L'artiste flamand Jan Fabre a présenté son spectacle enfumé à Bruxelles, avant Paris lundi prochain. Une ode à la cigarette qui déchaîne les passions.

Il se prend tour à tour pour un bousier, une libellule ou un scarabée. Il a érigé la provocation brute en oeuvre d'art. Jan Fabre est belge, flamand et reconnu dans le monde entier. Il vient de lancer sa plus grande fumisterie sur scène, I am a mistake, «Je suis une erreur». Et le monde entier en parle. Après s'être fait remarquer dans sept grandes villes européennes, lundi prochain il sera à Paris.

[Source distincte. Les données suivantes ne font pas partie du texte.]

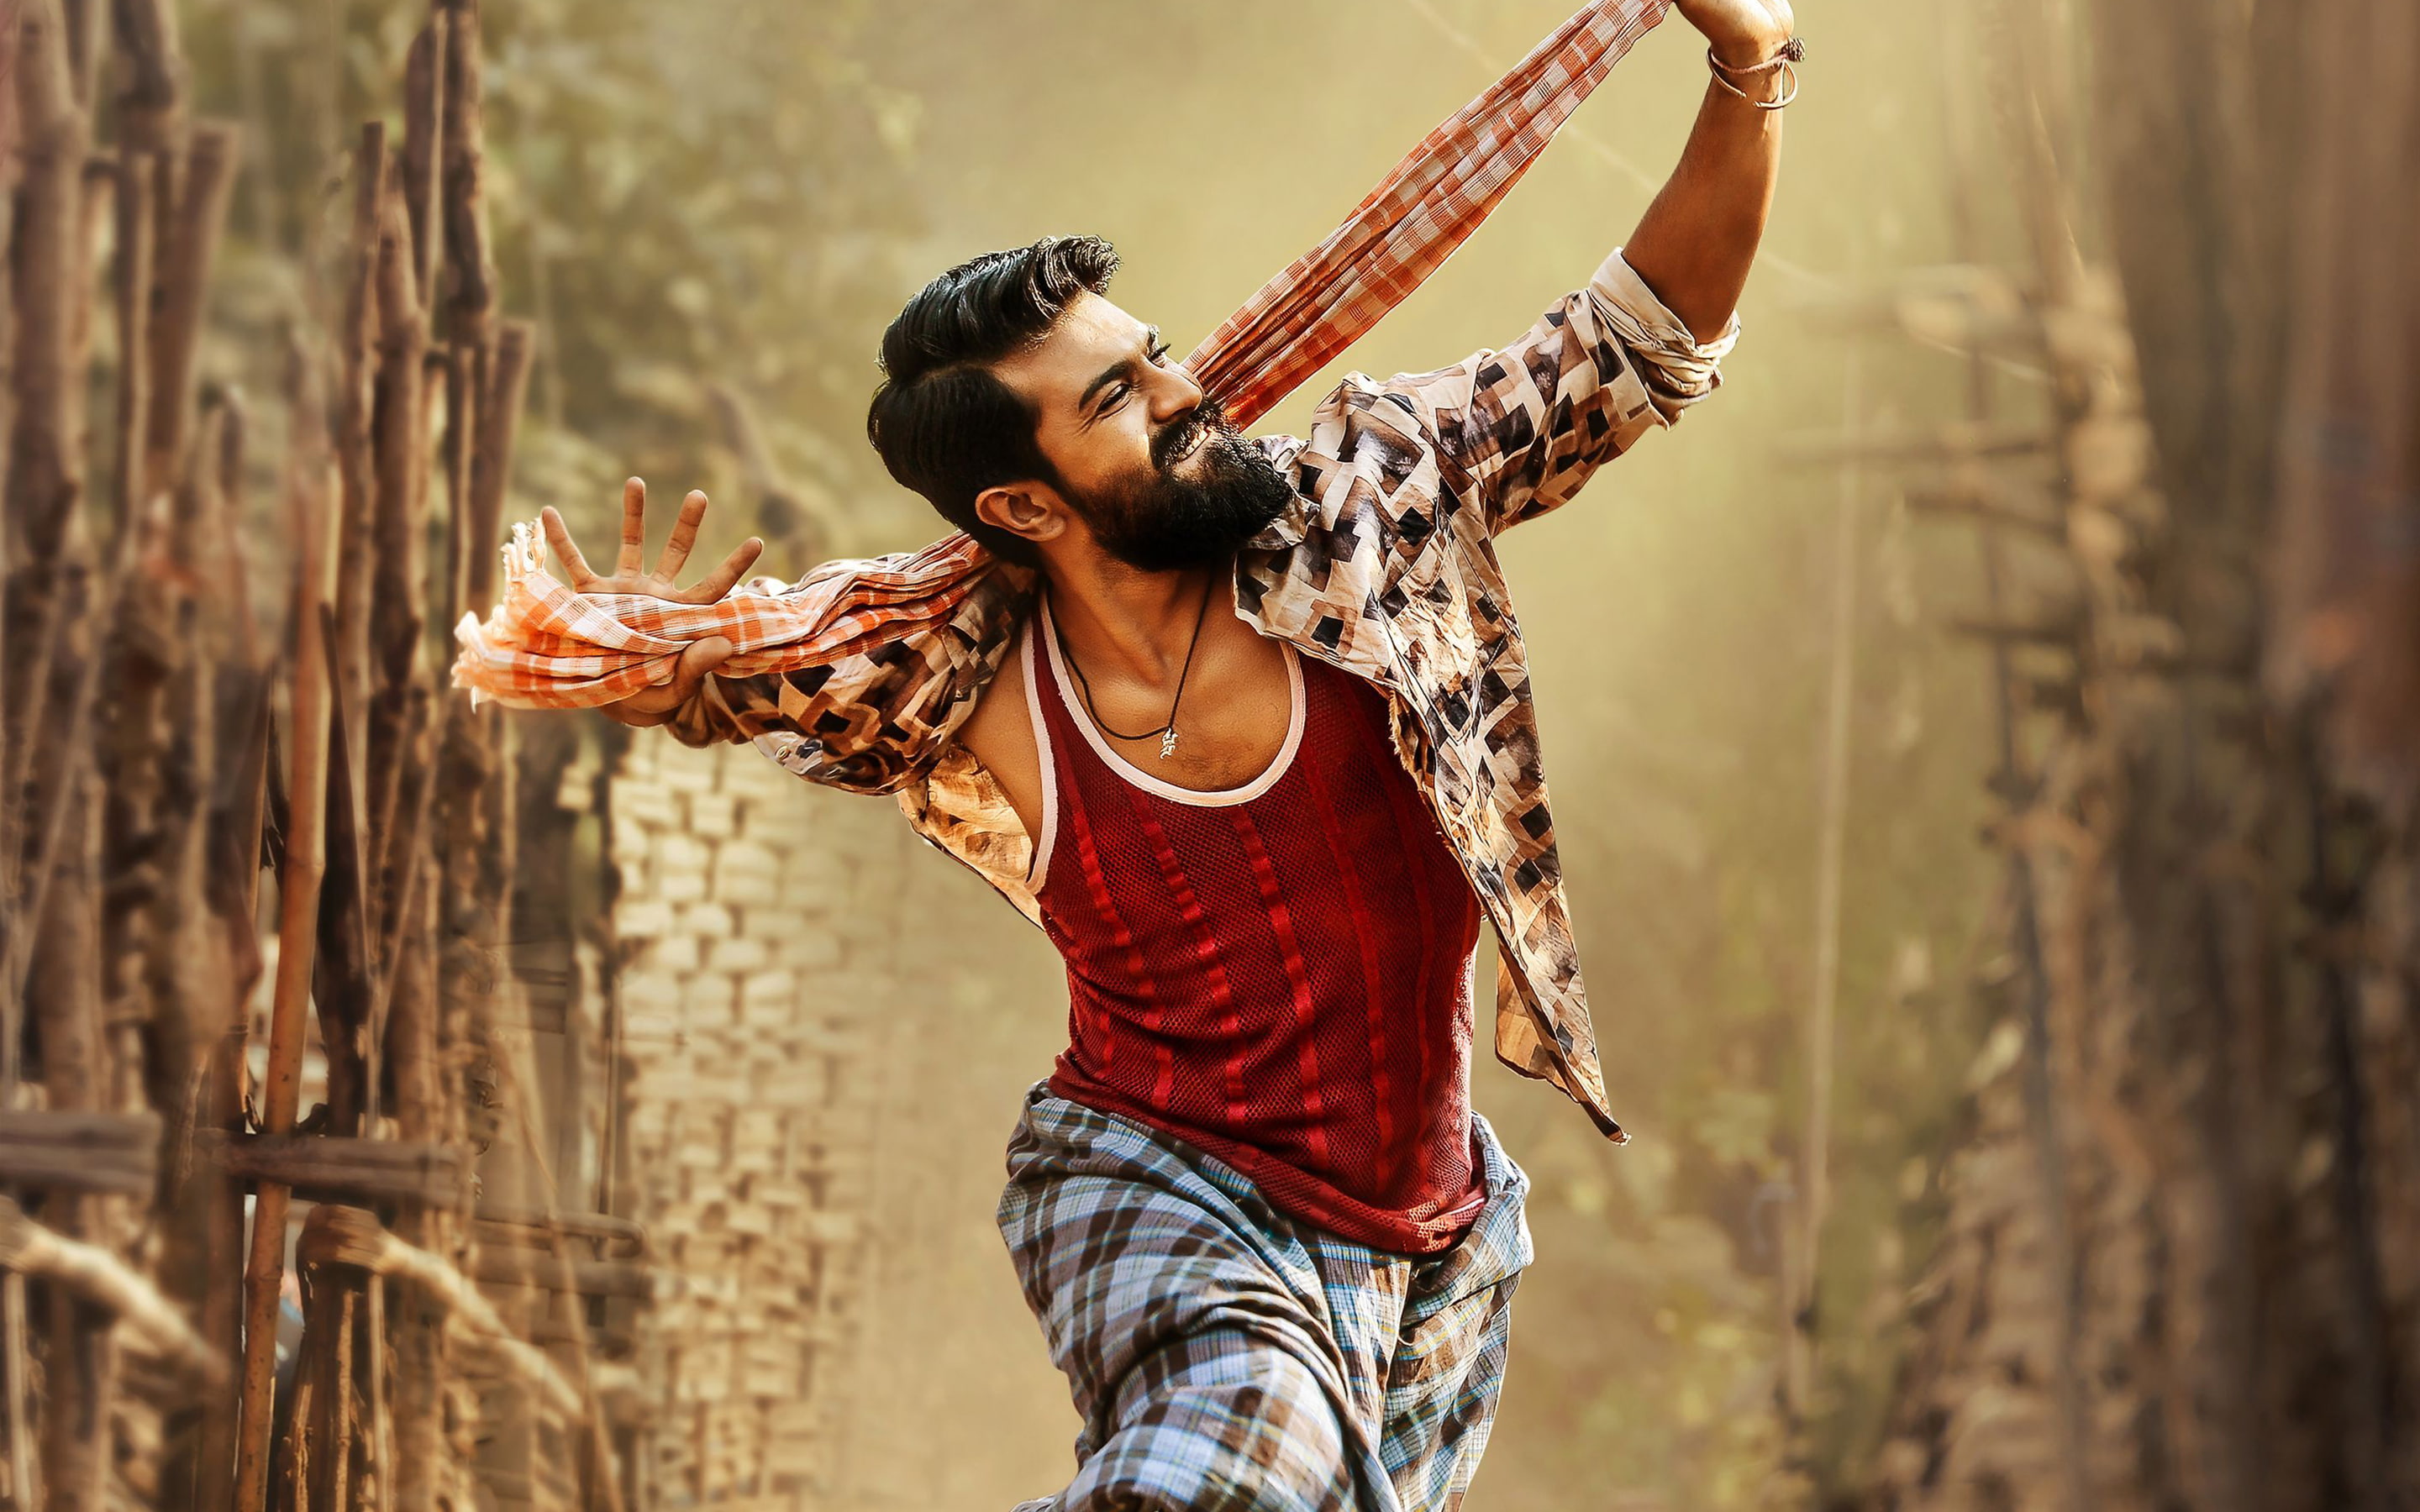 Ram Charan in Rangasthalam, one person, real people, casual clothing

À la représentation belge de mardi, on l'a vu, assis au milieu du parterre de spectateurs, courbé en deux de rire et de plaisir. Lui, Jan Fabre, au bord de l'extase, contemplant ses danseuses fumeuses et son orchestre casserole. Le public, enfumé à l'insu de son plein gré, toussait, s'agitait et s'ennuyait dans les fauteuils du palais des Beaux-Arts de Bruxelles. À l'écran, de belles et mystérieuses fumeuses, filmées par Chantal Akerman, jouaient des volutes de leurs clopes. Les images défilaient. La musique déchirait les oreilles. Sur scène, les danseuses prenaient des poses tristes ou énervées. Une comédienne au centre de la scène, après être restée une heure entière à ne rien faire que fumer, a clamé : «Je suis fidèle au plaisir qui essaie de me tuer!». L'apologie de la cigarette comme droit à se tuer. Comprenez : l'artiste peut jouer avec la mort puisqu'il est une faute.

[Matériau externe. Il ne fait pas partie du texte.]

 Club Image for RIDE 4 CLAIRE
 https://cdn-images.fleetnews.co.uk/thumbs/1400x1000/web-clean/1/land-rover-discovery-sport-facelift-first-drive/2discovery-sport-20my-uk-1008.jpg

Des gens, offusqués, se sont levés. La Fondation pour le cancer a balancé un communiqué ulcéré. «Faire l'éloge d'une dépendance au nom de la liberté est pour le moins paradoxal», écrit le docteur Vander Steichel de la Fondation. «S'il faut réserver une place à la cigarette dans le monde de l'art, que ce ne soit pas sur scène, mais une fois pour toutes au musée.»

À vrai dire, le spectacle de Jan Fabre ne devrait pas inciter à consommer de la nicotine. Mais s'élève contre l'air du temps qui entend se purifier à jamais des odeurs de tabac. Le «politiquement correct» qui entend imposer le devoir d'être en bonne santé. L'artiste dénonce et se moque de notre malaise.

Fabre n'en est pas à son coup d'essai. Il a exposé des chiens écrasés dans une galerie parisienne. Il a fait pisser ses danseuses sur scène et invectiver son public. En 2000, la Reine Paola, qui l'admire beaucoup, lui avait donné carte blanche pour redécorer le plafond de son palais. Il l'avait recouvert de 1 500 000 ailes de coléoptères. «Je suis une erreur parce que je ne sais pas faire semblant», clame la comédienne de Fabre.

«Vous avez trouvé ça beau, vous?», demandait une spectatrice en faisant la file à la sortie. Elle avait une mine à moitié ahurie, à moitié dégoûtée. Beau, ce n'est pas. Mais cette odeur de fin de nuit dans un bistrot qui vous colle à la peau en sortant est une expérience bizarre. C'est du Jan Fabre. C'est du Belge.